If our dog-eat-dog culture was not harsh enough Glenn Beck(like O’Donnell and Limbaugh has never had a real job or even possessed valuable work skills that an employer might need) and Joseph Lehman double down on the social-Darwinism – The Poorhouse: Aunt Winnie, Glenn Beck, And The Politics Of The New Deal

That movement’s most outspoken proponent is Fox News host Glenn Beck, who doesn’t merely pine for the pre-New Deal era in general, but regularly prevails upon his audience to recognize the particular genius of some of the period’s presidents, whose ideologies of inaction he holds up as the American ideal.

Democratic President Grover Cleveland is one such hero. When Beck and guest Joseph Lehman were discussing the proper roles of welfare and charity this summer, Lehman noted that one “extreme [position] is, you’ve got welfare only as a last resort and all assistance is private.”

It wasn’t too extreme for Beck. “And this is where we actually were a hundred years ago,” Beck said, rightly thinking — or not — of people in Aunt Winnie’s situation.

“We used to be here. In fact, Grover Cleveland has this excellent statement. In 1887, President Cleveland said, ‘Though the people may support their government, the government shall not support the people,'” Lehman responded.

“That’s great,” said Beck.

While lifting up presidents like Cleveland, he wants to tear down their successors. At Beck University, he offers a course titled “Presidents You Should Hate.” Part one focuses on Woodrow Wilson, part two on Franklin Roosevelt.

Until those men rose to power, the political field belonged to politicians in the command of business. Cleveland, however, is a distant second in the Beck view of the world to Calvin Coolidge. Beck told his audience this August that Coolidge was Ronald Reagan’s favorite president, and that he was “one of best presidents I think we’ve ever had that you don’t know very much about.”

Coolidge earned his place in Beck’s heart for refusing to send federal help to the Gulf region during the Great Mississippi Flood of 1927. “And under 30 feet of water, hundreds of people died. This is the Katrina of the 1920s,” said Beck. “And, to show you the difference in how far we’ve come with progressives, at the time that this happened, nobody was standing on their roof with signs saying, ‘Help me.’ They were helping themselves.”
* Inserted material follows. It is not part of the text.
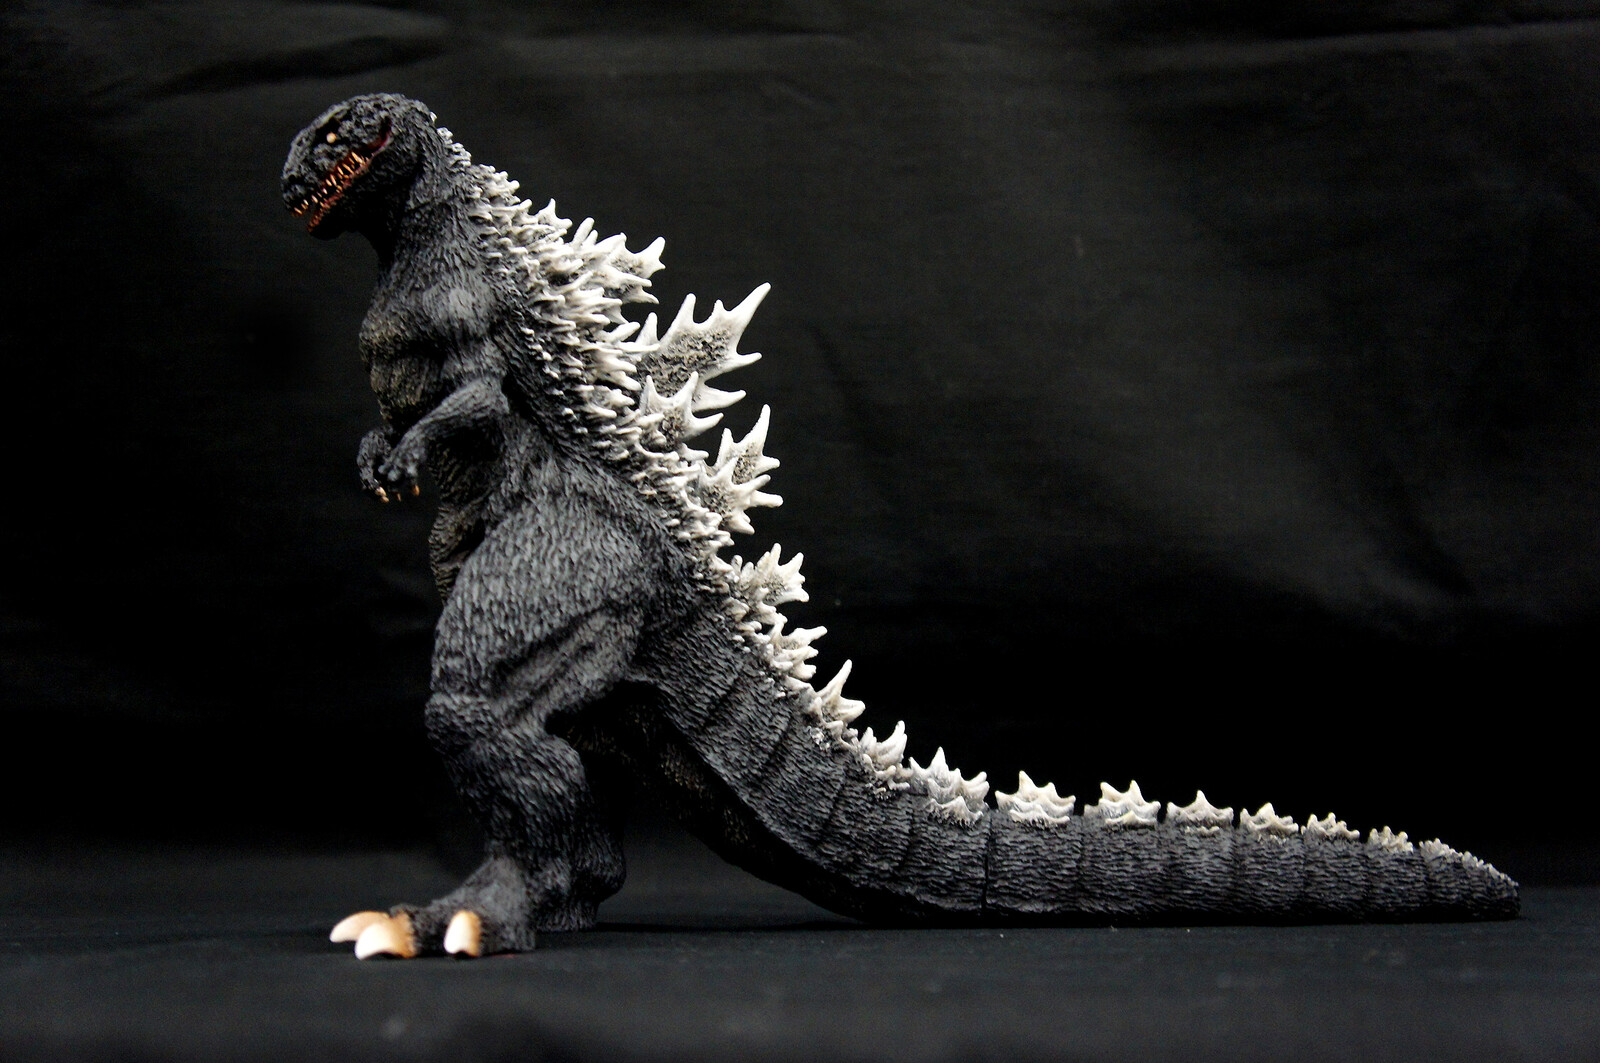 mage Version 1954 Godzilla Art Statue イメージ 初代ゴジラ
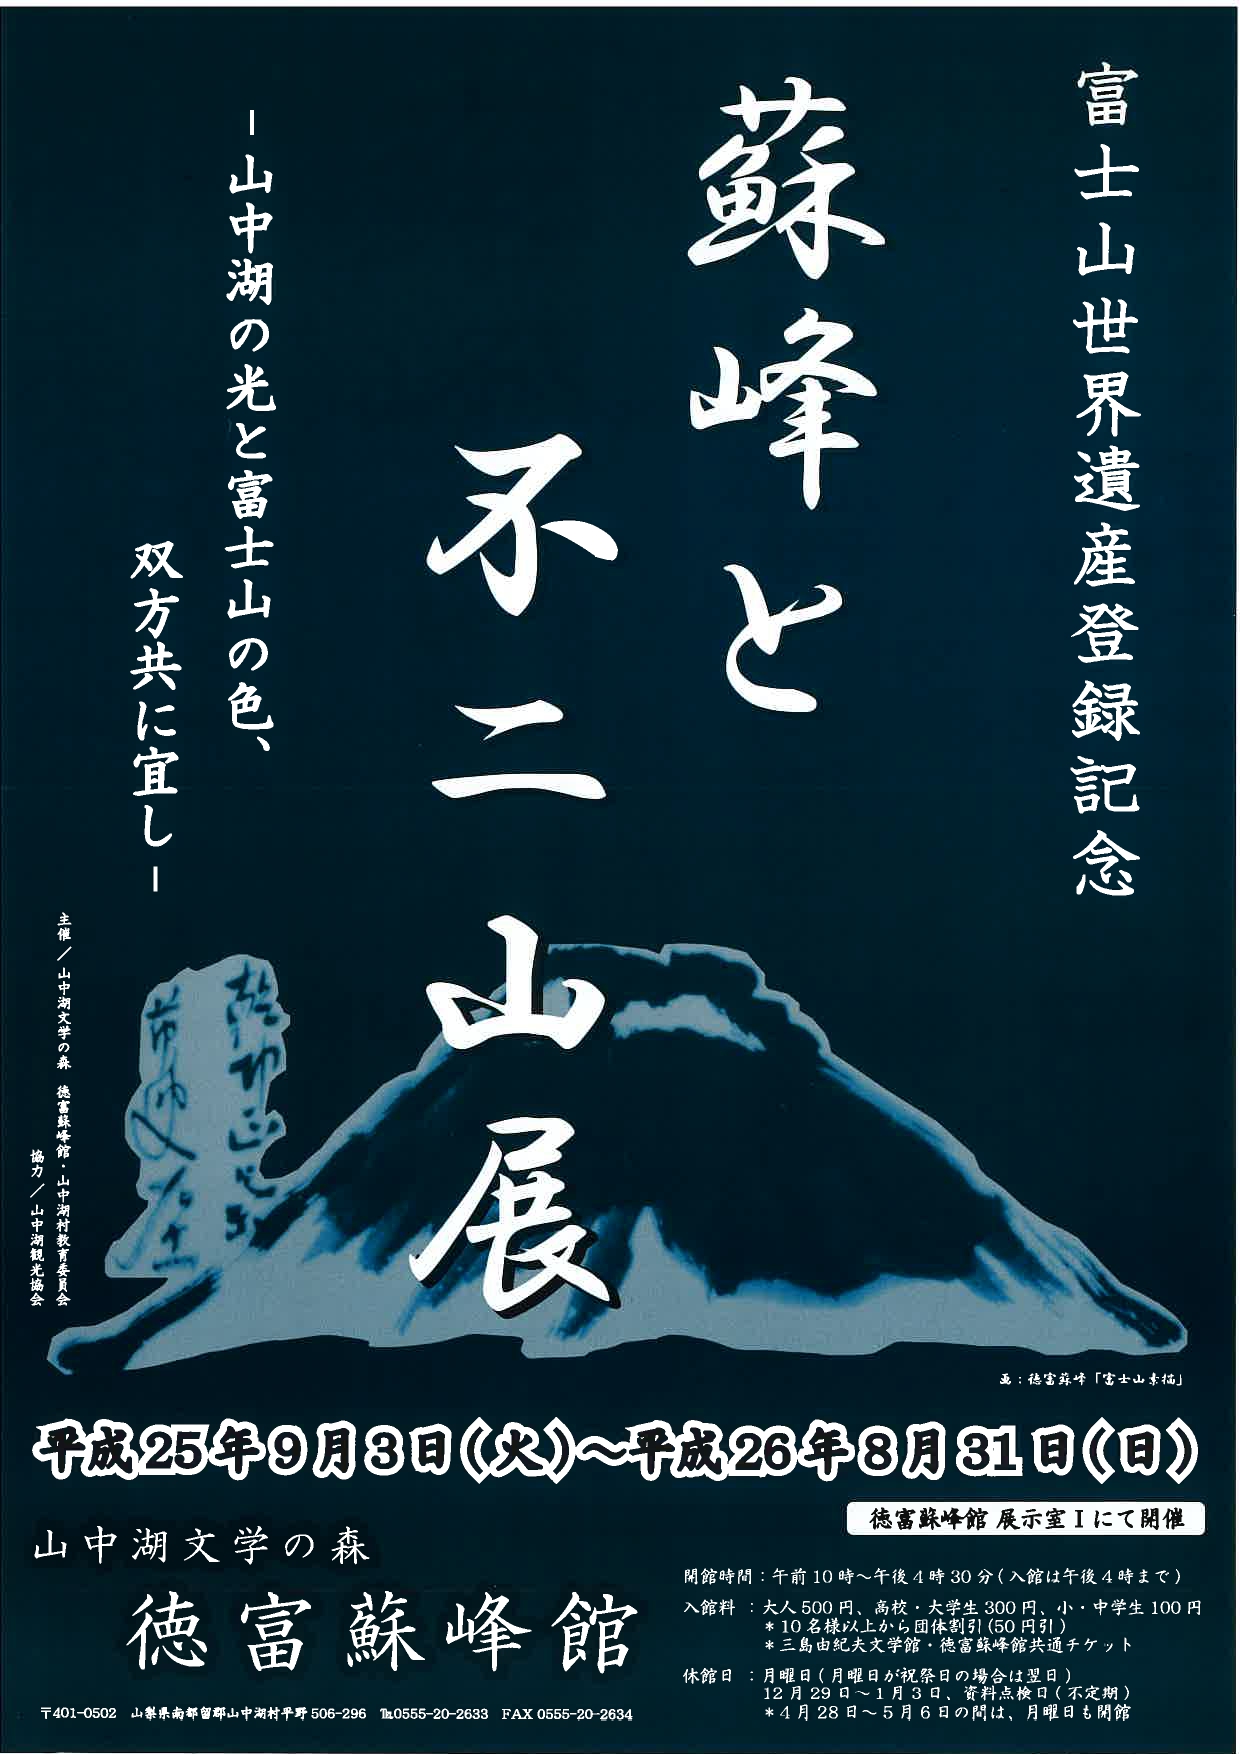 富士山世界遺産登録記念「蘇峰と不二山展」

Whatever the victims of the flood may have done, Wall Street certainly helped itself during Coolidge’s reign from 1923 to 1929. The Dow ran from under a hundred to a high of nearly four hundred. Corporate profits and consumer debt soared. Coolidge slashed taxes. By 1929, the top 0.1 percent had income equal to 42 percent of all Americans and held 34 percent of all the savings — while eight in ten had no savings at all.

Those eight-in-ten people without savings had no cushion against the economic crashes that relentlessly afflicted the economy and had no relief against the one calamity that is entirely foreseeable: old age.

Let them die in the streets that will teach them. Beck and the Right’s class warfare is showing. That upper part of the economic ladder is populated, according to the Right, by the hardest working and the most virtuous. Certainly some well off Americans are both, but all of them are never held to the same standards of the woman who empties the bed pan of a wealthy dowager. I have heard conservatives and right-wing libertarians willing to admit that it would be harsh at first but after a generation only the strong and deserving would survive and we’d finally have that conservative utopia where only the right kind of people will remain. The intro to this article tells the story of the real Aunt Winnie and her plight.

Poverty statistics are unreliable before about 1960, when the elderly poverty rate was 35 percent, but that figure likely represents a steep decline from the day Social Security became law. Though there were no national measurements, in surveys taken between 1925 and 1932 in Connecticut, New York and Wisconsin, nearly half of elderly people lived on less than $25 per month, which survey administrators deemed “insufficient subsistence income.” A third in Connecticut had no income at all. An attempt to quantify elderly poverty in 1939, deep into the depression, using census data, found the rate may have been close to 80 percent. Whatever the national numbers, by 1974 official elderly poverty had fallen below 15 percent and by 1995 it had dropped to ten.